III. prevenção de ITU
Um curso mais longo de antibióticos é eficaz para reduzir a recorrência de IU em mulheres mais velhas. Para mulheres mais velhas com 2 infecções em 6 meses ou 3 ou mais infecções em 12 meses e que são sintomáticas, a profilaxia deve ser continuada até que a infecção seja erradicada. A maioria dos peritos recomenda 1 dose por noite durante 6 meses e alguns recomendam uma profilaxia contínua durante 2 anos. Os antibióticos utilizados para profilaxia incluem metomil e sulfametoxazol, furantoína e cefalosporinas. O aumento grave da próstata é um factor de risco para as IU nos homens mais velhos e a prostatectomia parcial pode ajudar a reduzir a recorrência da infecção. O sumo de arando ou cápsulas impedem a aderência de E. coli e outras bactérias gram-negativas à superfície das células hospedeiras. Diferentes tipos de mucinas na cílios de E. coli ou outras bactérias podem aderir às células epiteliais, e o componente composto único de arando, proantocianidina, inibe o processo de adesão. As medidas para prevenir infecções por cateteres residentes são actualmente reconhecidas pela maioria dos estudiosos como tal.
(1), utilizar cateteres intravestidos apenas quando absolutamente necessário, encurtar ao máximo o seu tempo de retenção, e substituí-los prontamente de acordo com o estado do doente em doentes com cateteres residentes de longa duração.
(2).Keep o sistema de cateteres é hermético e só abre o sistema quando ocorre uma obstrução e é necessária uma descarga de água.
(3).The saco urinário deve ser fixado numa posição mais baixa do que a bexiga para evitar o refluxo urinário.
(4), Em caso de infecção, o cateter urinário residente deve ser removido imediatamente ou substituído por um novo sistema de cateter urinário, enquanto que as medidas rigorosas de desinfecção devem ser reforçadas e cada ligação deve ser cuidadosamente controlada; se o cateter estiver residente por mais de 7 d, o cateter urinário deve ser removido antes do tratamento com antibióticos.

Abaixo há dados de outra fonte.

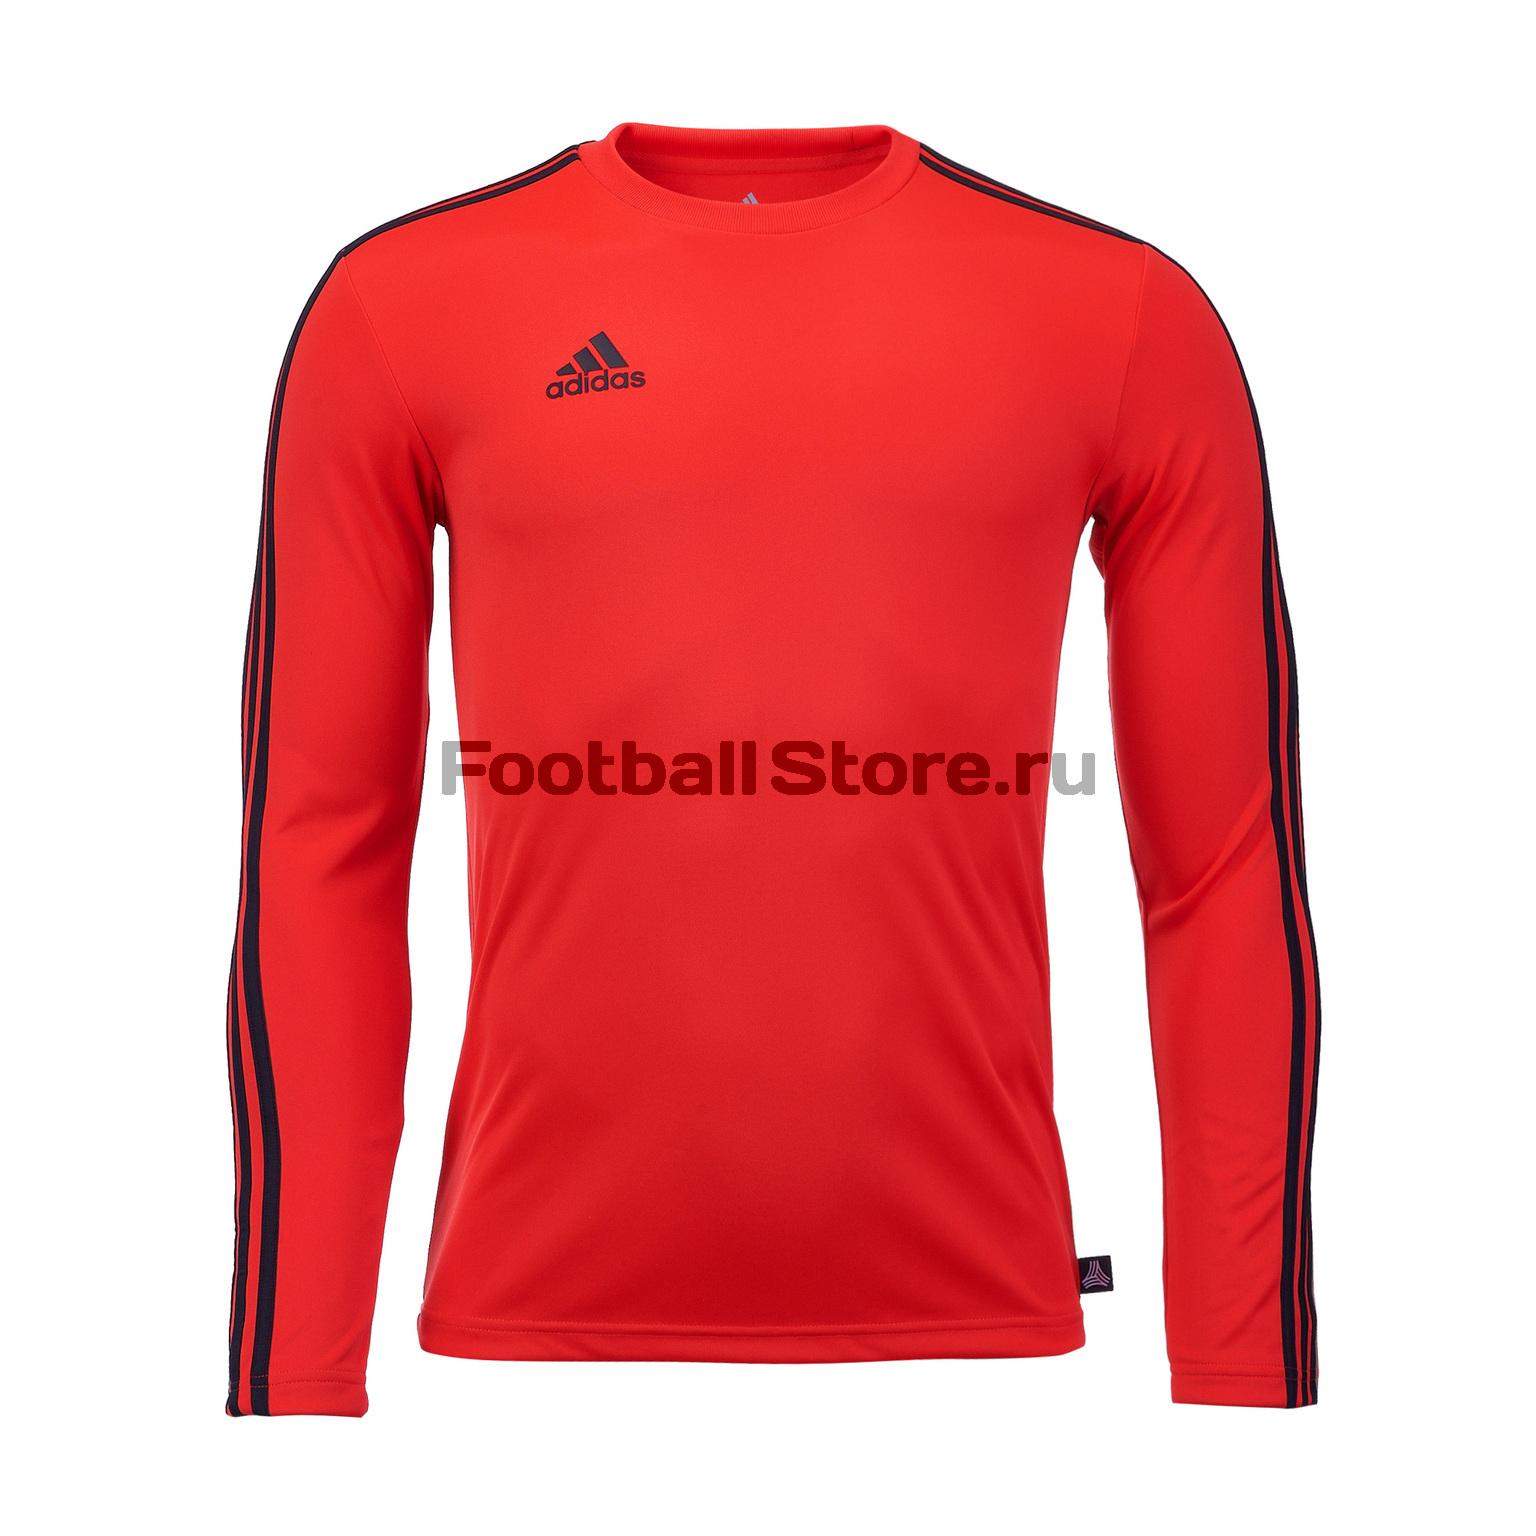 Футболка с длинным рукавом Adidas Tango Terry CZ3995 футболка с длинным рукавом adidas tango tee dj1498

(5), Os doentes com cateteres urinários residentes devem ser isolados das pessoas com infecções do tracto urinário e instruídos a lavar as suas mãos estritamente.
(6), Não é necessário tratamento para pacientes assintomáticos; aos pacientes sintomáticos devem ser administrados antibióticos imediatos e eficazes, de acordo com a extensão da infecção.
(7), os cateteres injectados com antibióticos podem reduzir a incidência de bacteriúria assintomática no prazo de 1 semana, mas não reduzirão as infecções sintomáticas, pelo que não são recomendados para uso rotineiro.
(8), Cateteres com liga de prata reduzem significativamente a incidência de bacteriúria assintomática no prazo de 1 semana e também demonstraram reduzir a incidência de IU sintomáticas.
(9) Retirar o cateter antes da meia-noite, se possível, após procedimentos não cirúrgicos.